§ **Supplied information**:
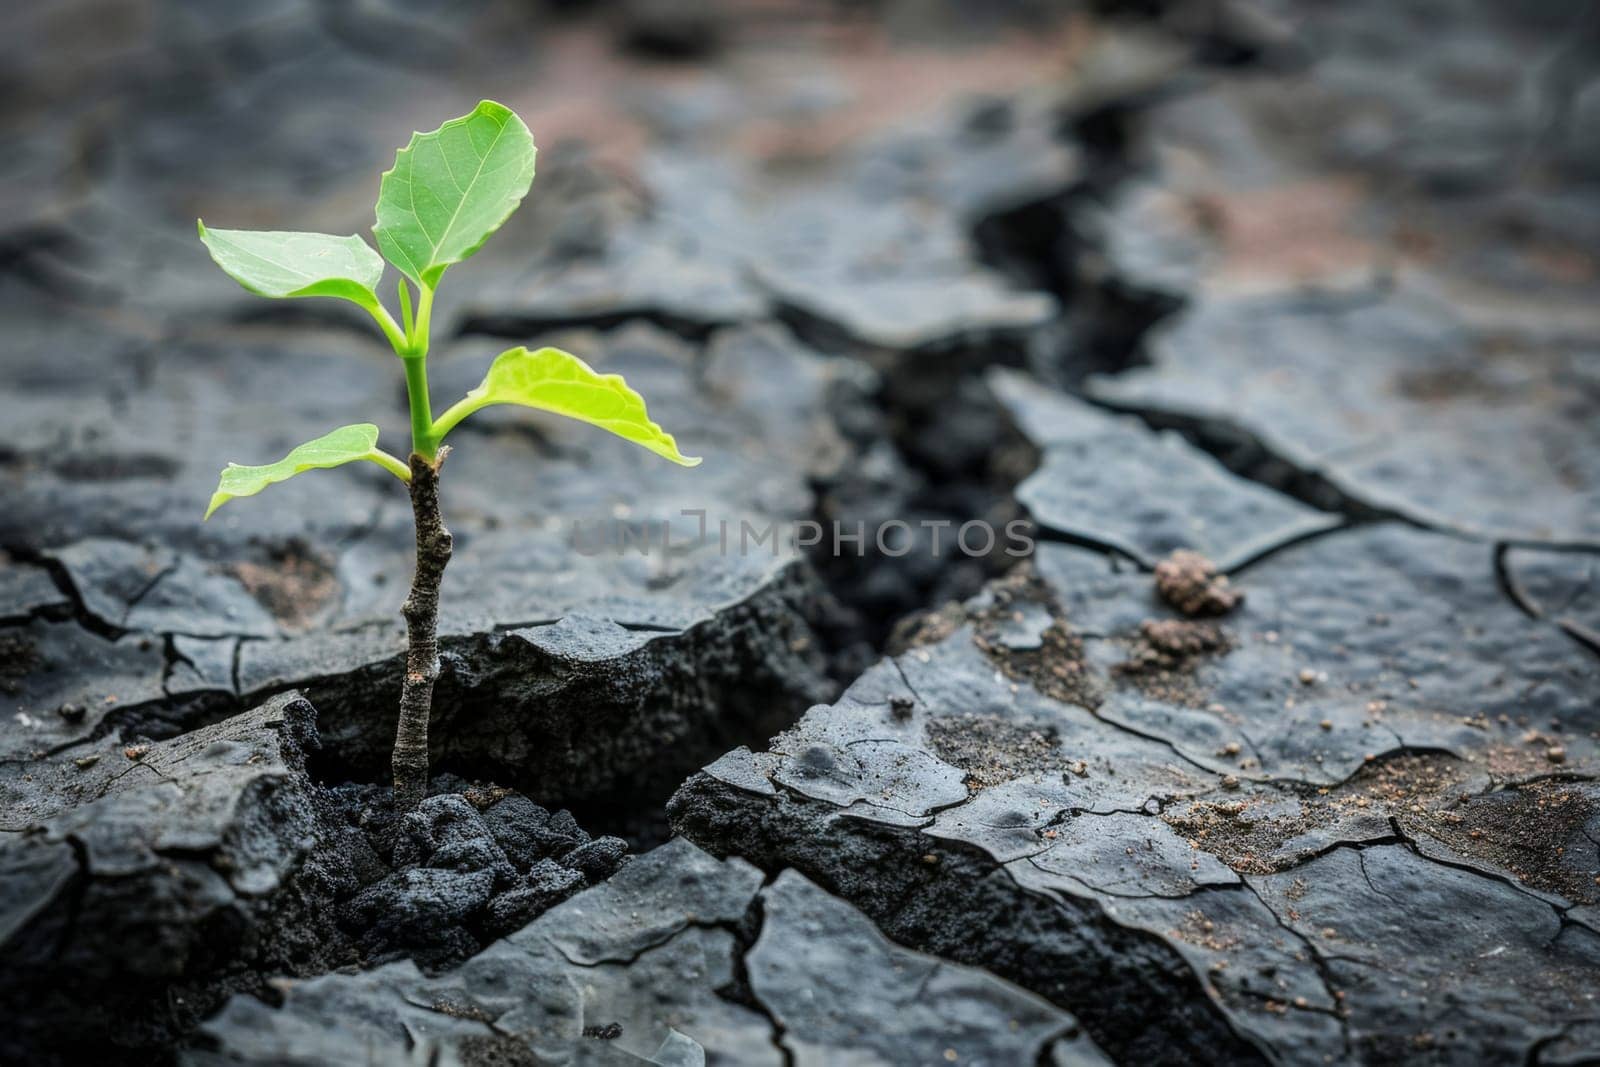 A lone sapling emerges from a web of cracked soil, a testament to life's resilience against the backdrop of environmental hardship
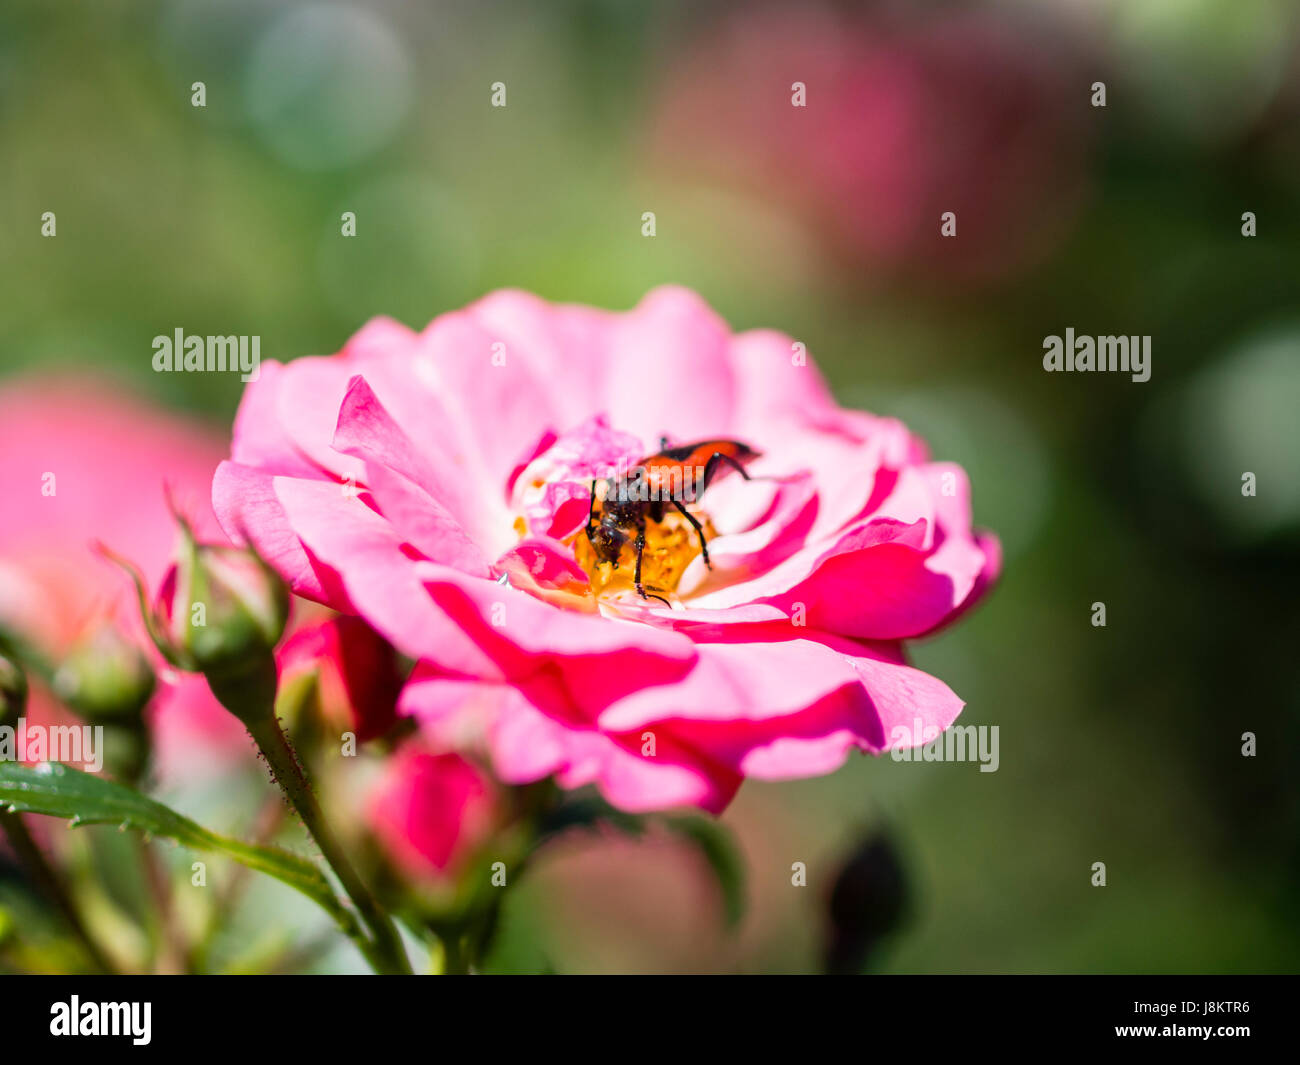 Longhorn beetle on pink fucsia flower Stock Photo
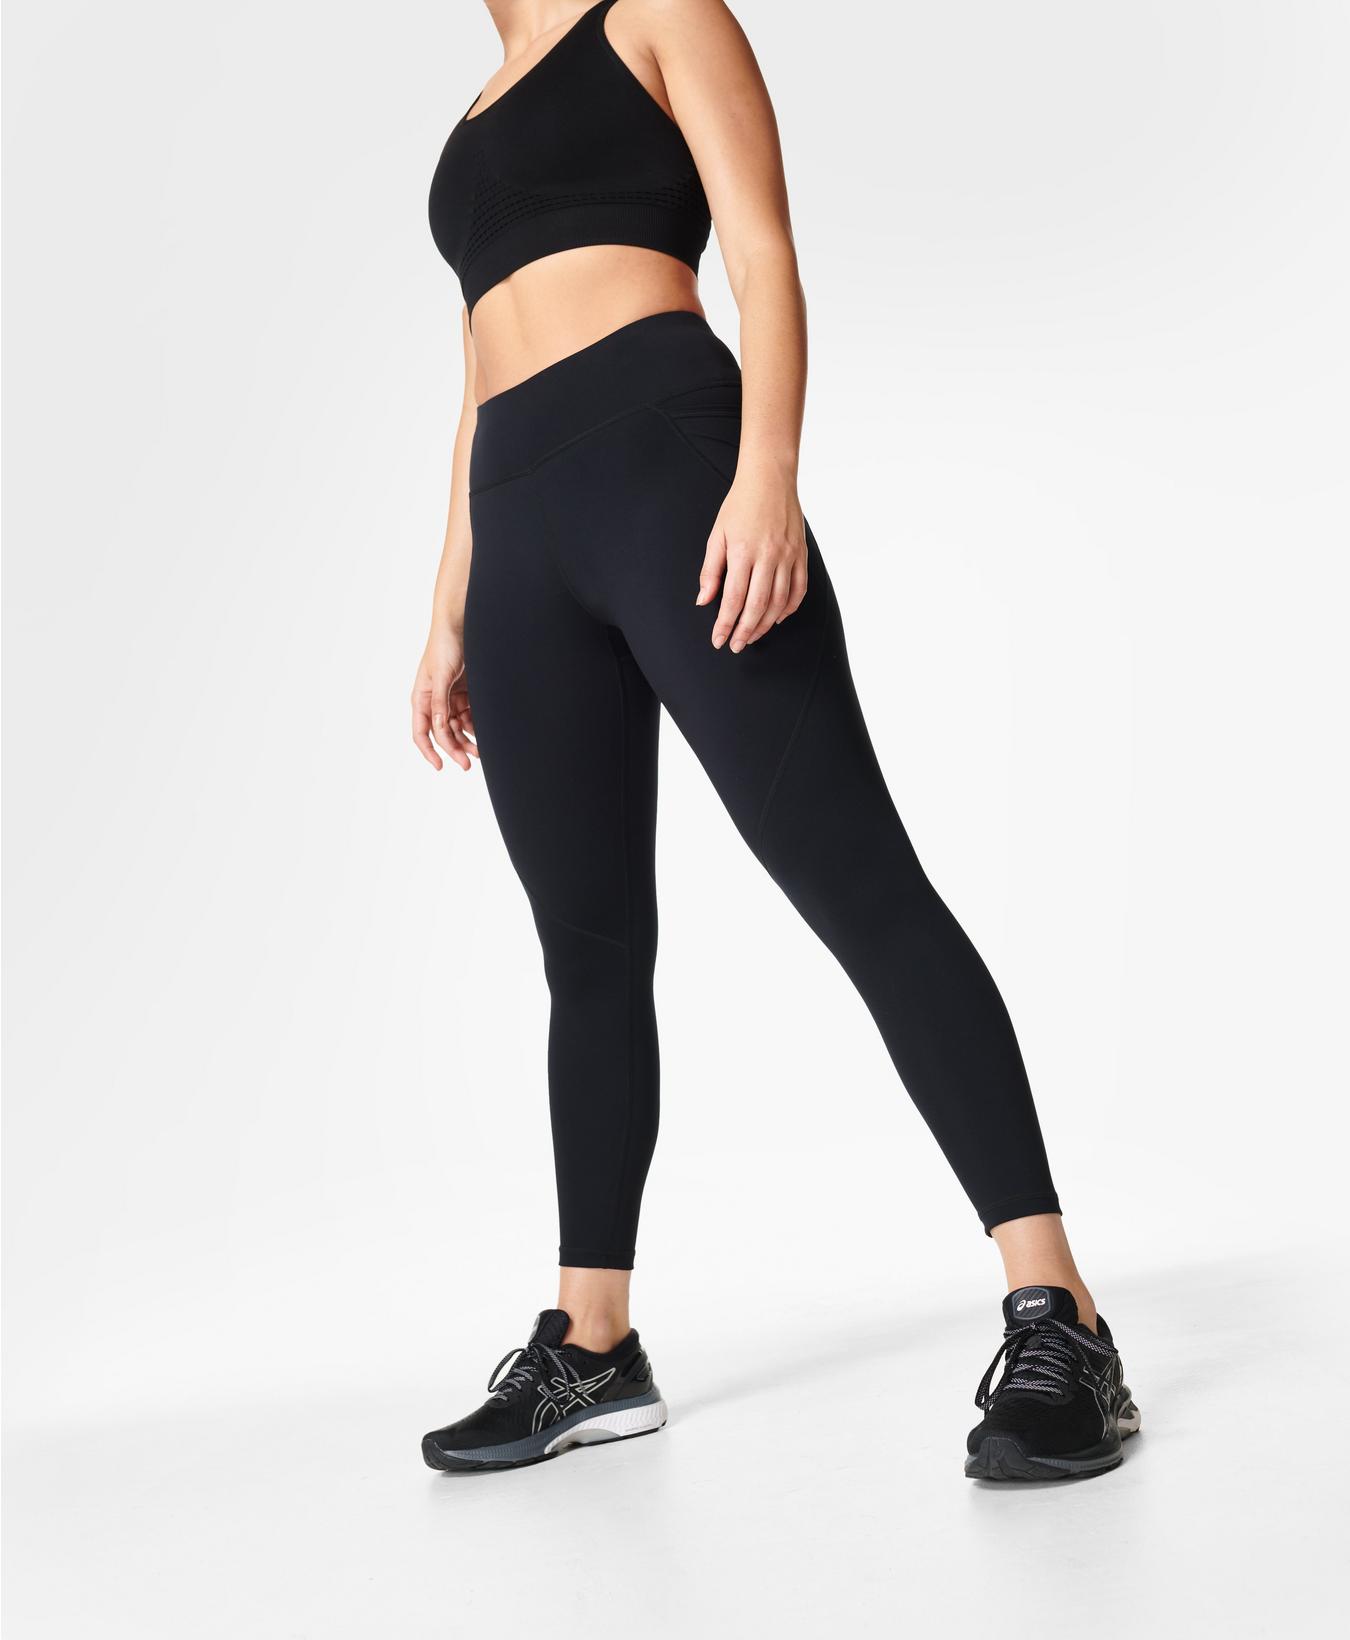 Do you think it is appropriate to wear compression leggings to the gym? -  Quora
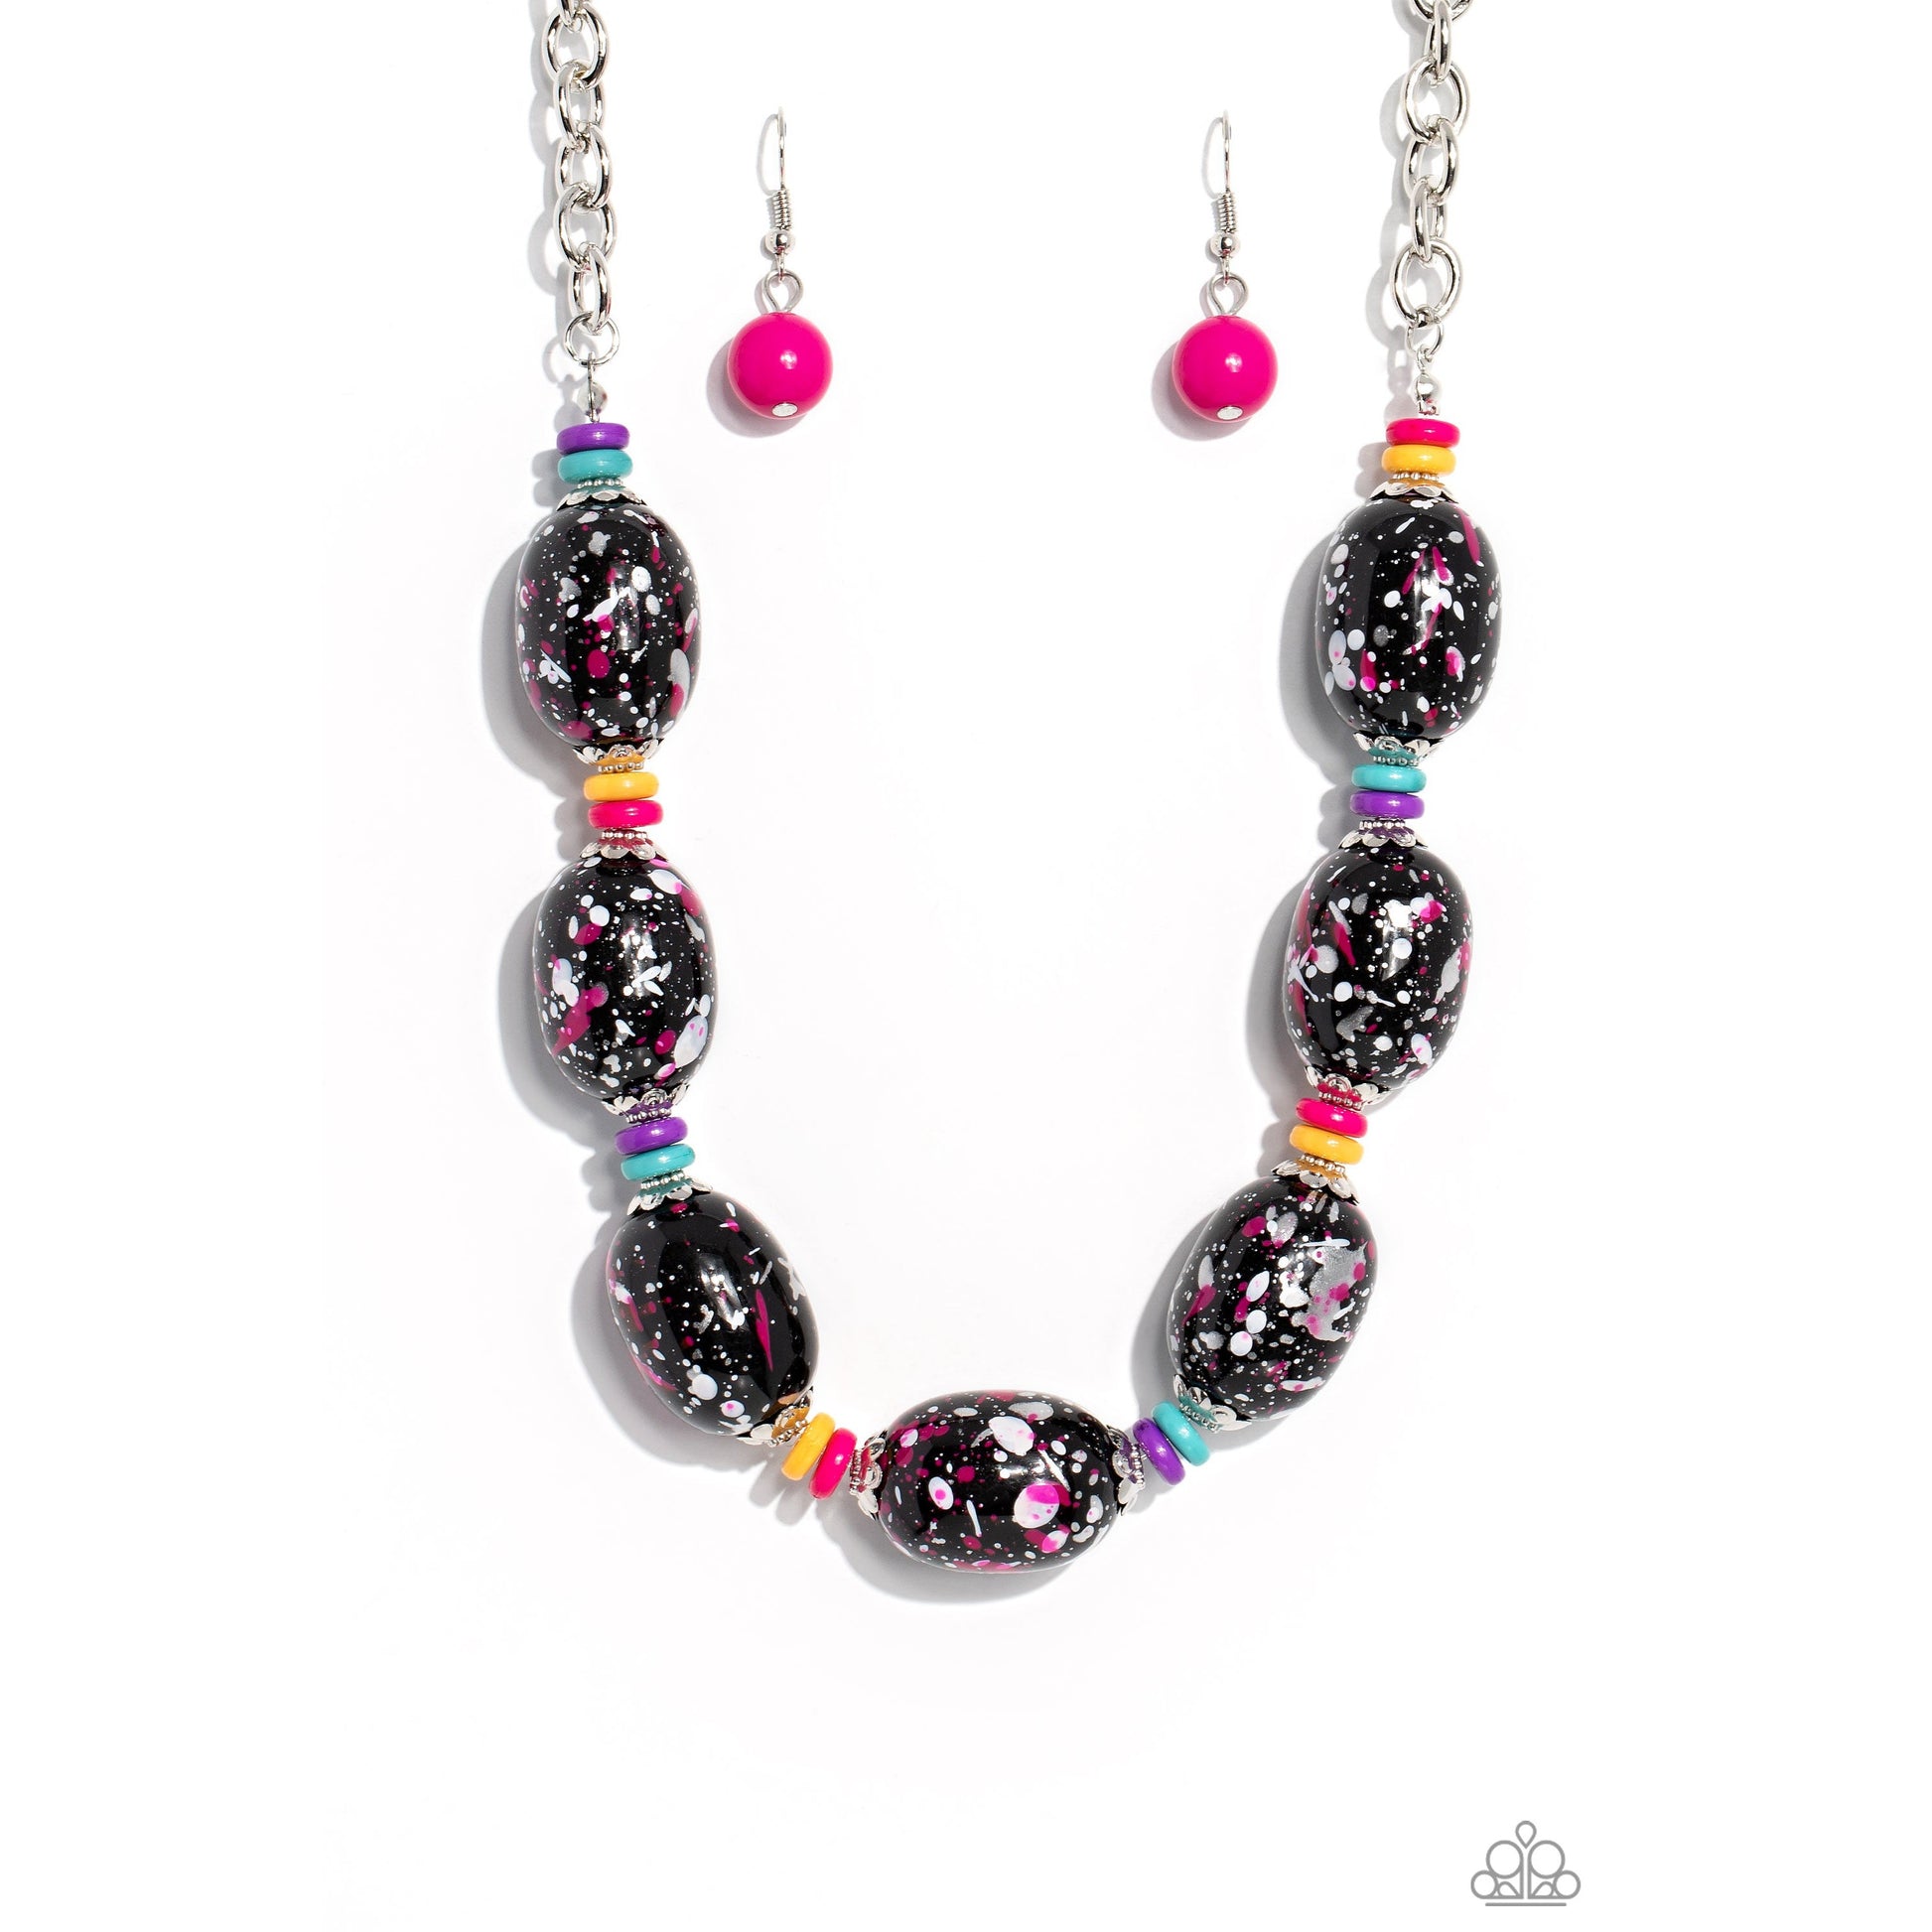 No Laughing SPLATTER - Pink Necklace - Bling by Danielle Baker

§ **Work to be completed**: Each line from the one that holds "Longhorn beetle on" through the final line of the data must be retyped exactly; the pictures must not appear.

§ **Answer to the problem**:
 Longhorn beetle on pink fucsia flower Stock Photo
 Do you think it is appropriate to wear compression leggings to the gym? -  Quora
 No Laughing SPLATTER - Pink Necklace - Bling by Danielle Baker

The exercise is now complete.